** Action item **
Copy each line of the listing below exactly and drop the images.

** Collected material **
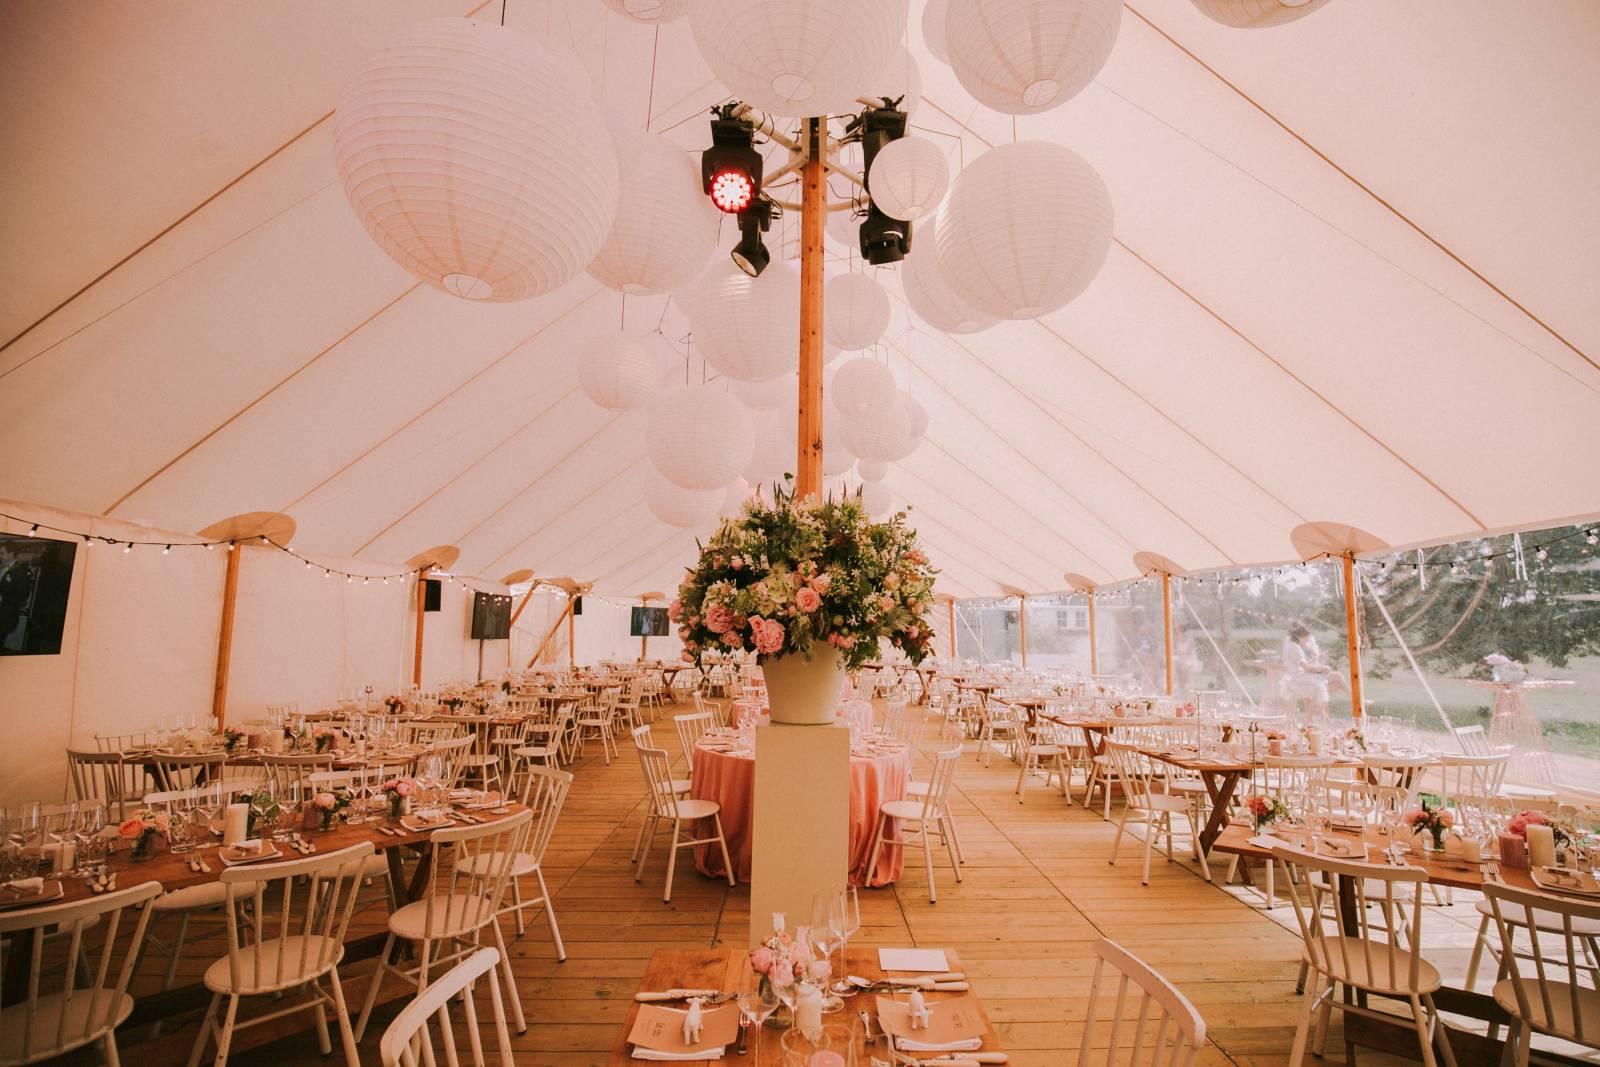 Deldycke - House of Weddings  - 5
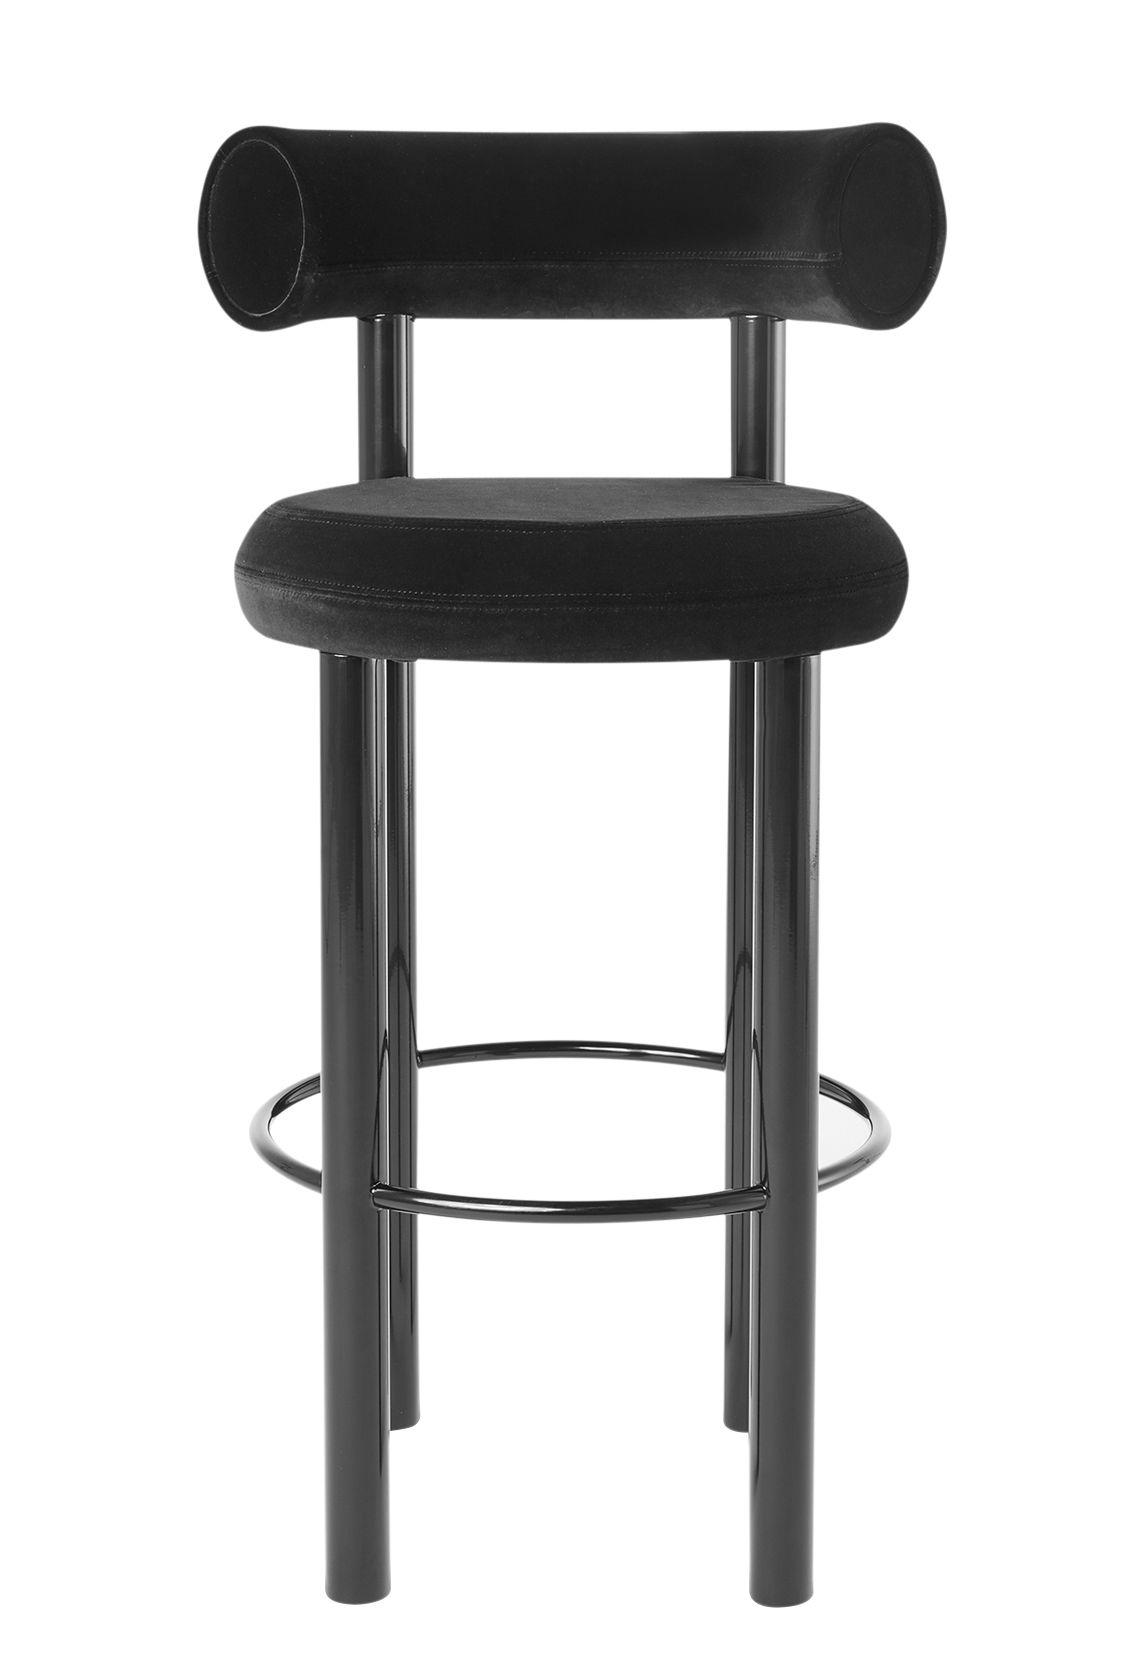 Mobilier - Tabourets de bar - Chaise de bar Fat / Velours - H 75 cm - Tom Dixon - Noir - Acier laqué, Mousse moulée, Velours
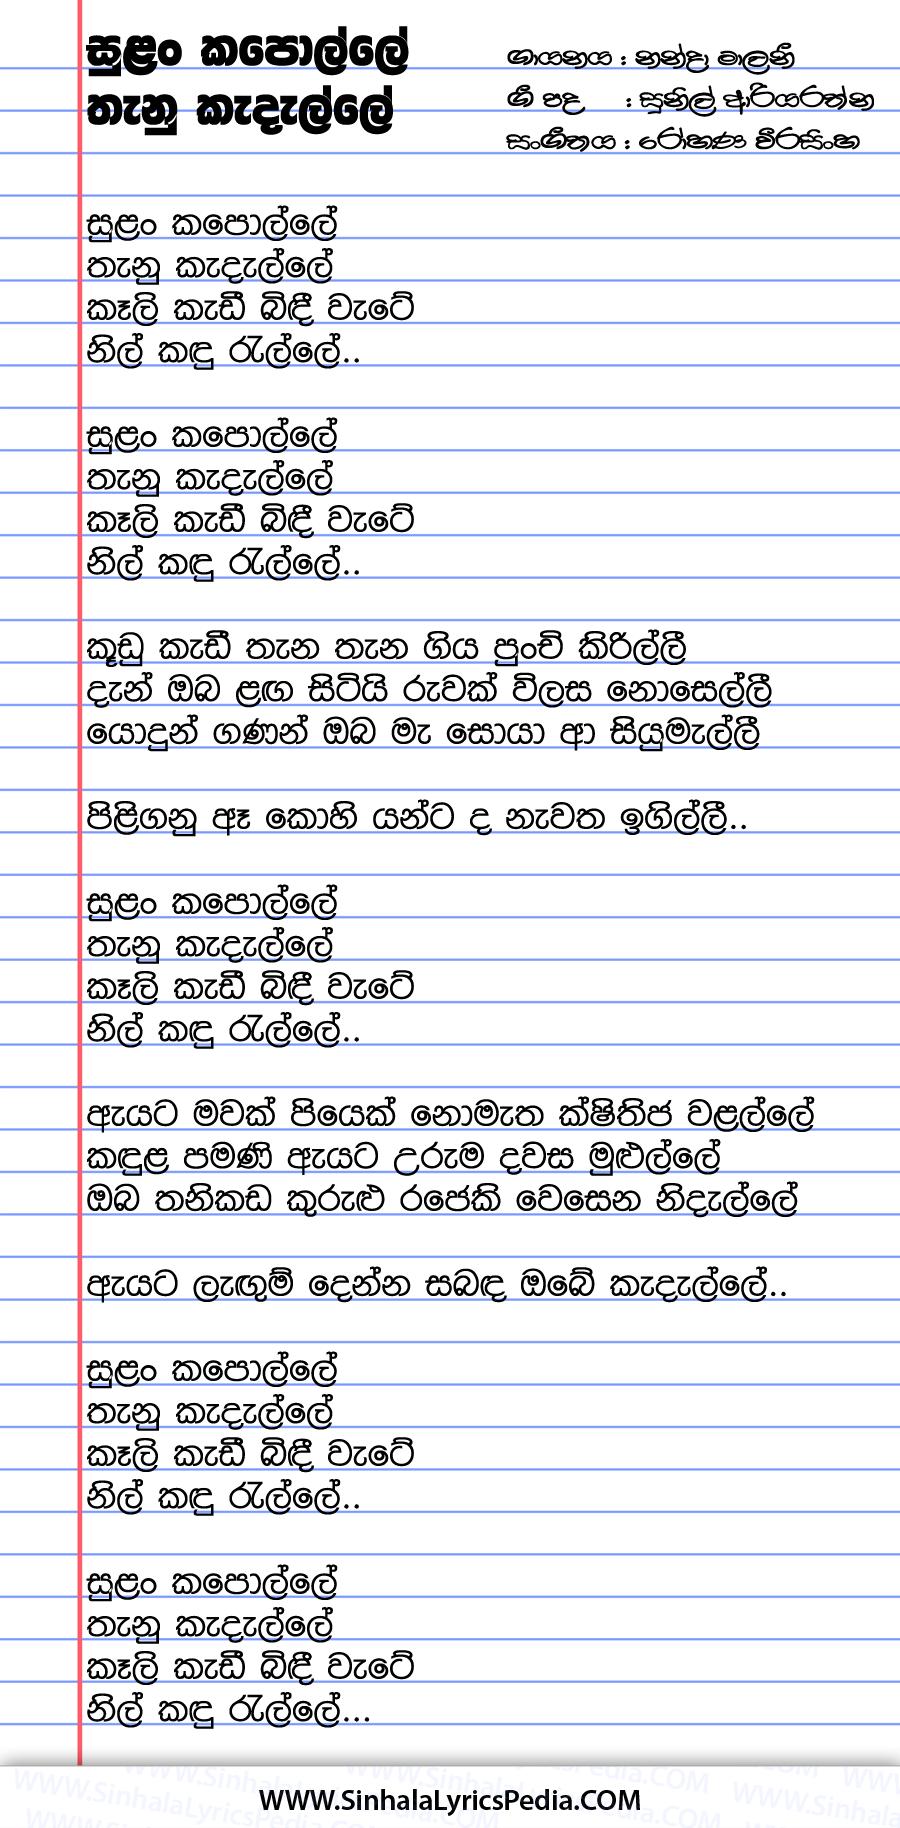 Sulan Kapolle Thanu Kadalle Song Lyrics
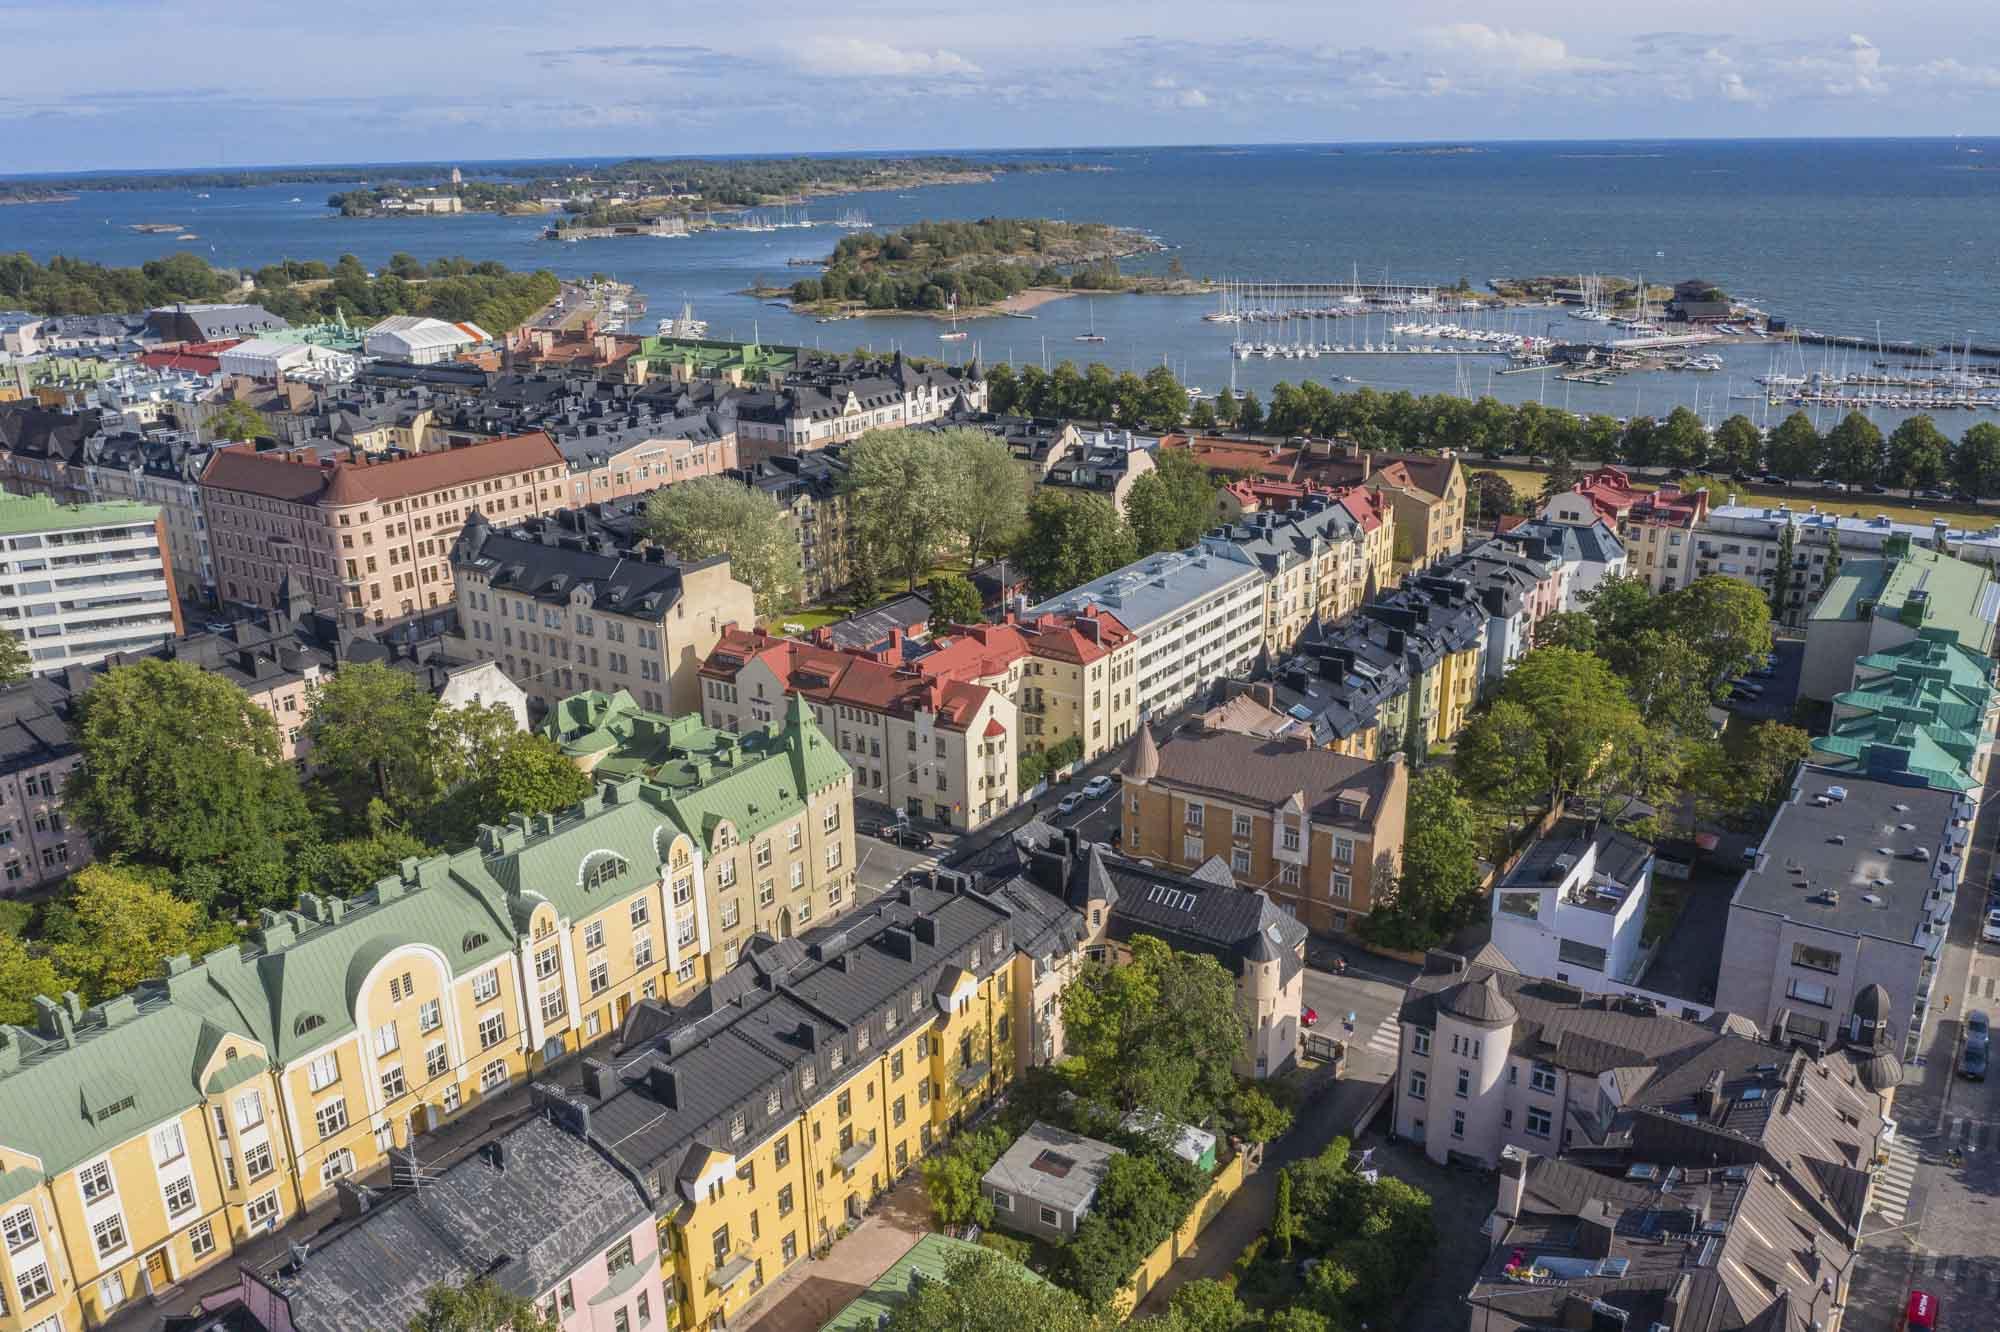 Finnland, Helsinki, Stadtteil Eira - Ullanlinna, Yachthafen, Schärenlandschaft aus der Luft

** Task result **
 Deldycke - House of Weddings  - 5
 Mobilier - Tabourets de bar - Chaise de bar Fat / Velours - H 75 cm - Tom Dixon - Noir - Acier laqué, Mousse moulée, Velours
 Sulan Kapolle Thanu Kadalle Song Lyrics
 Finnland, Helsinki, Stadtteil Eira - Ullanlinna, Yachthafen, Schärenlandschaft aus der Luft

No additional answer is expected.